What you will do
The lines below, from the one holding "short sleeve t-shirt" through the one holding "Nepresso logo", are to be restated word for word, with all images left out.

Exercise input

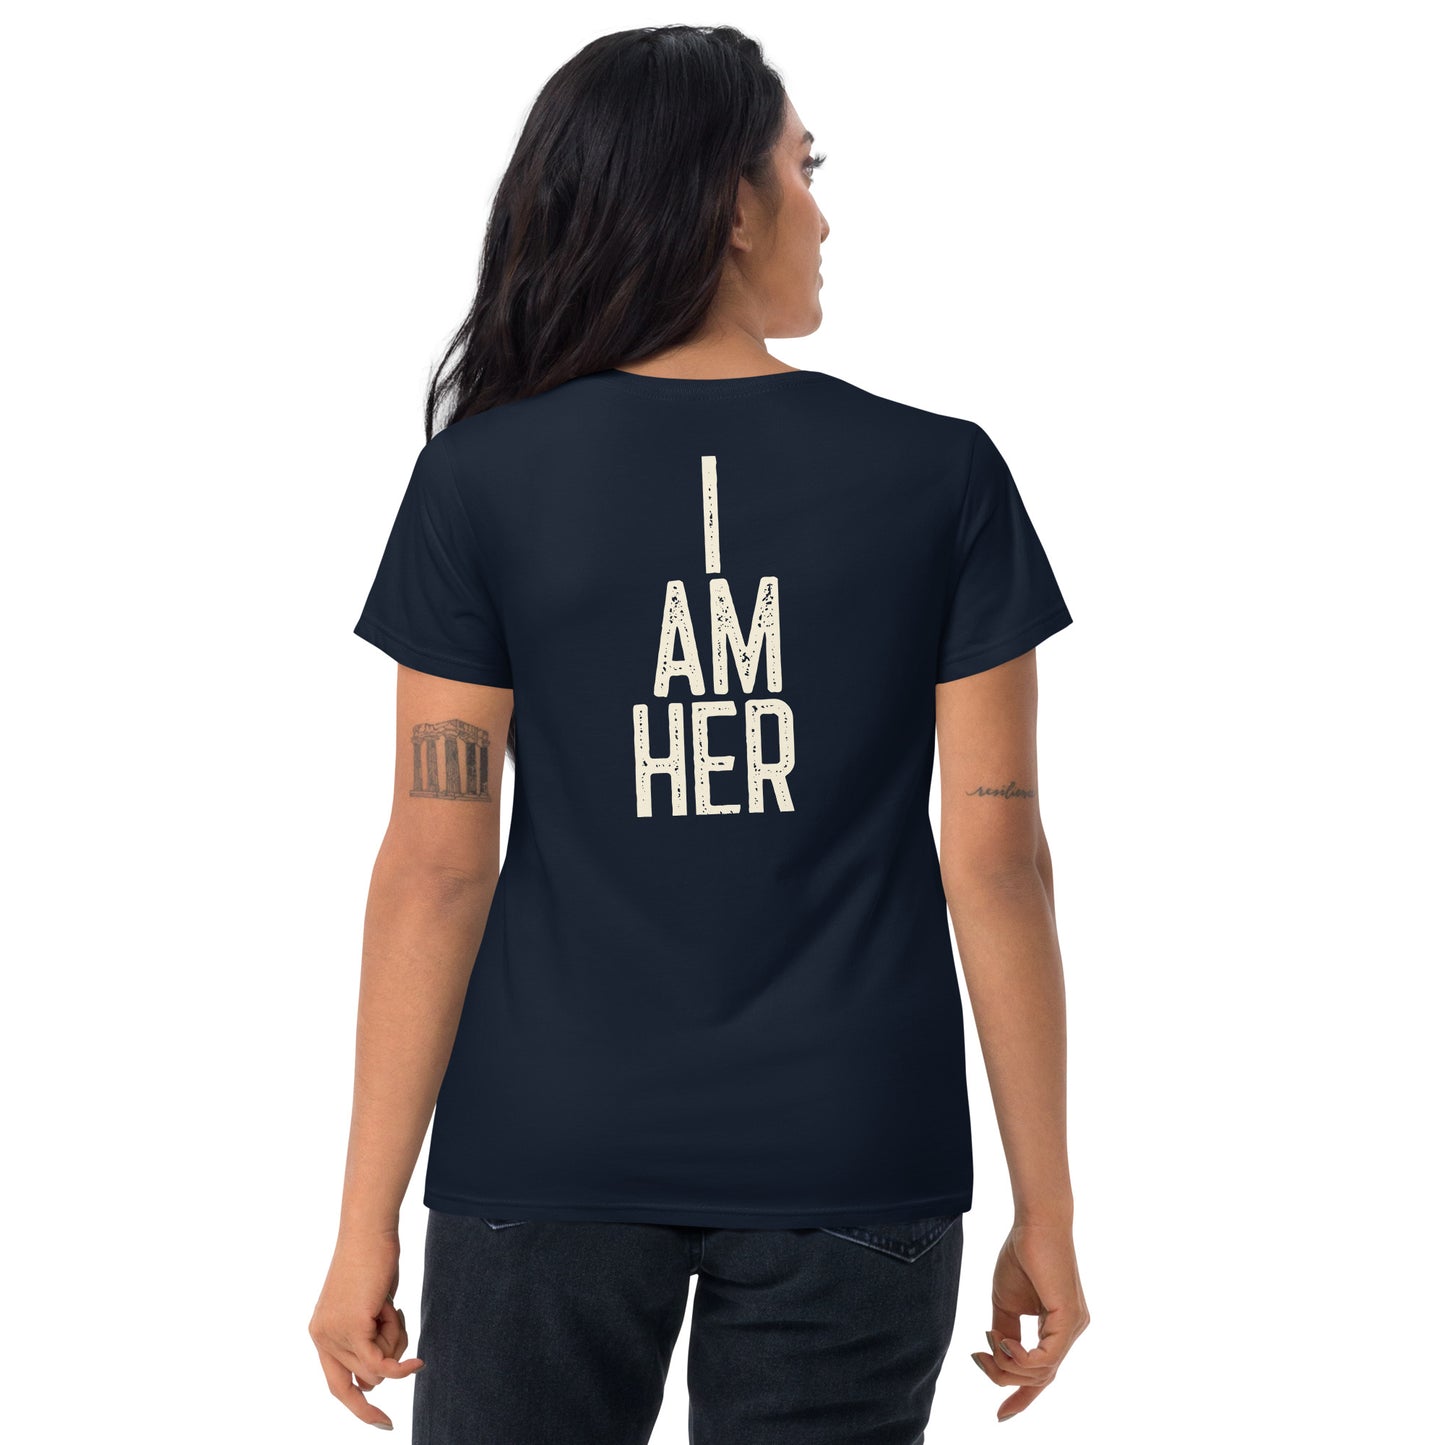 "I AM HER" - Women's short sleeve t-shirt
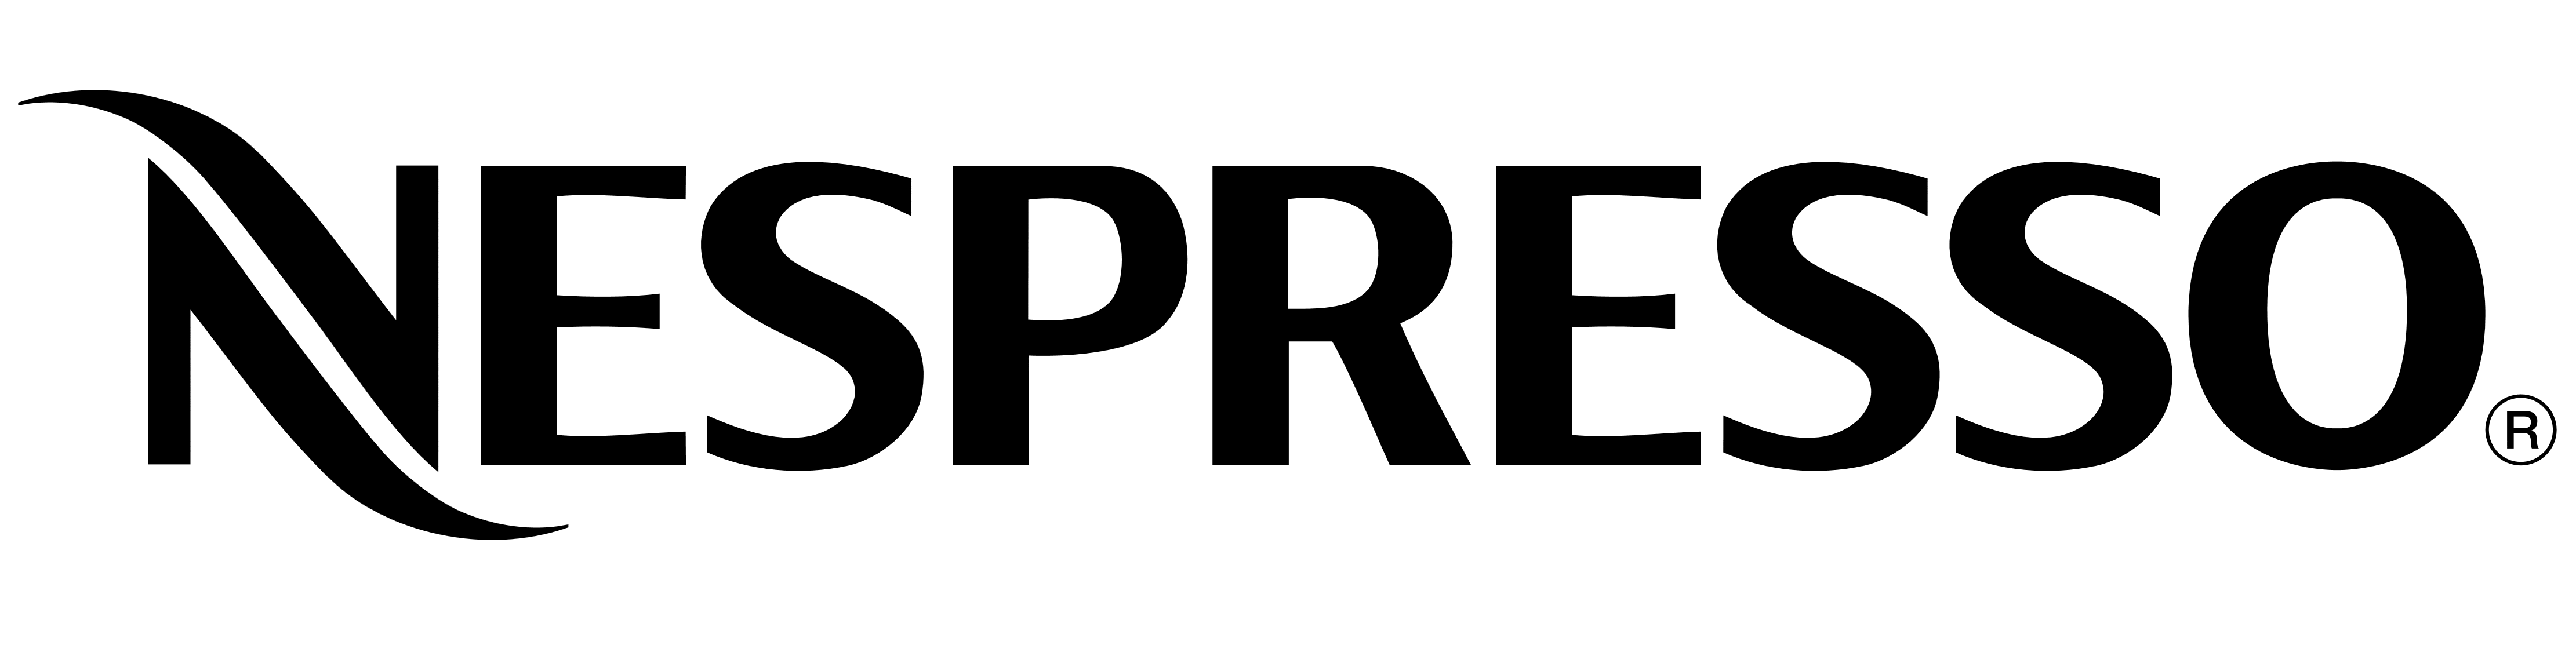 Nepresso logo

...

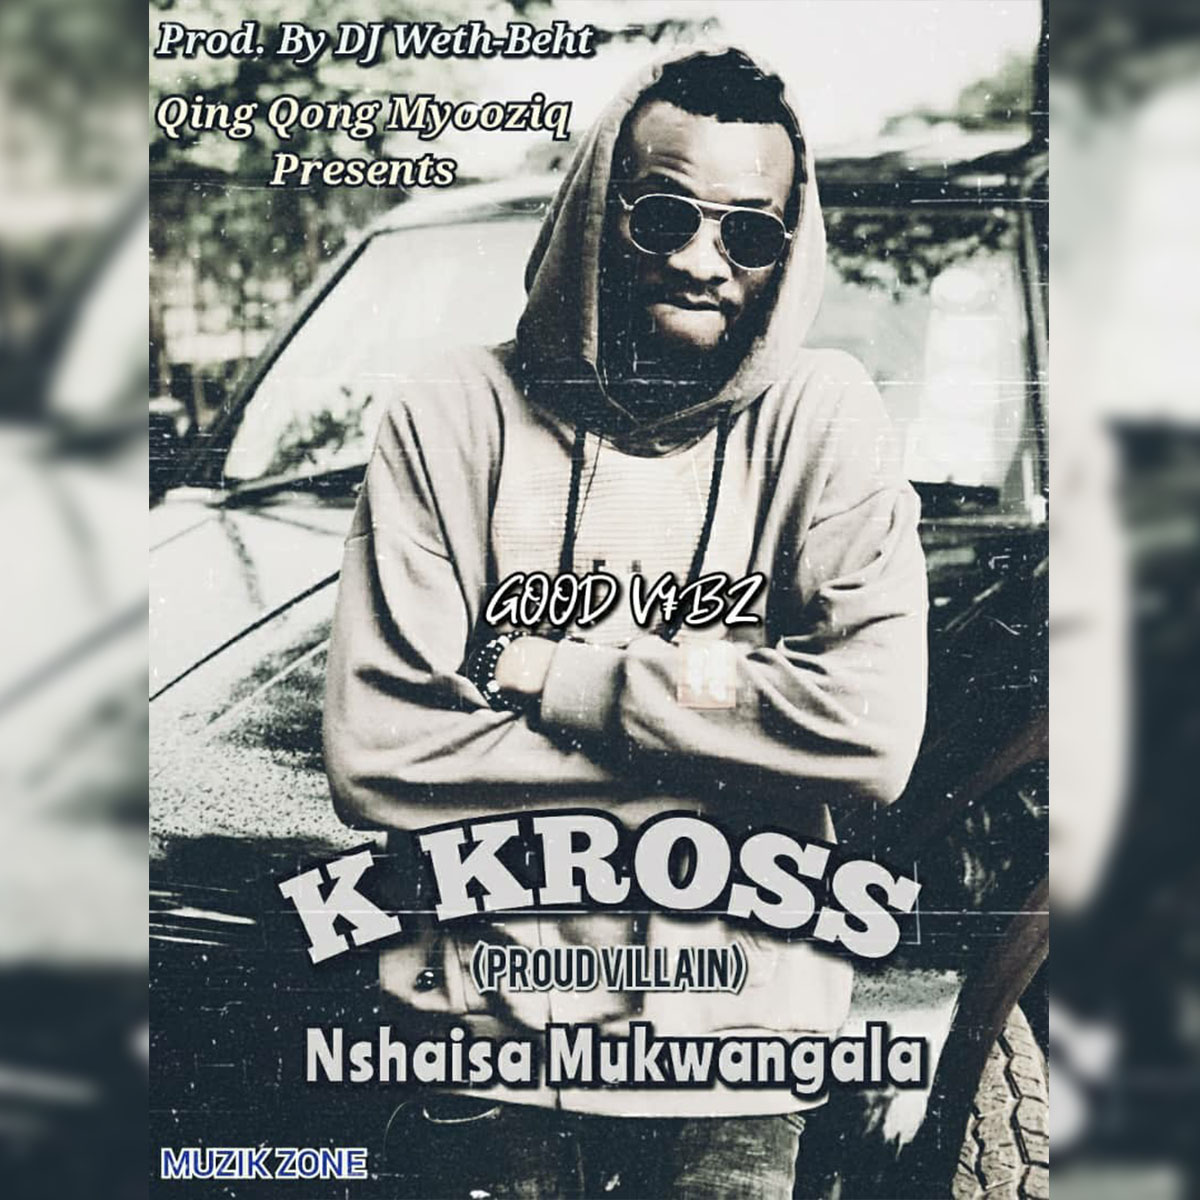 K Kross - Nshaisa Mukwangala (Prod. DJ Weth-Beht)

Task solution
 "I AM HER" - Women's short sleeve t-shirt
 Nepresso logo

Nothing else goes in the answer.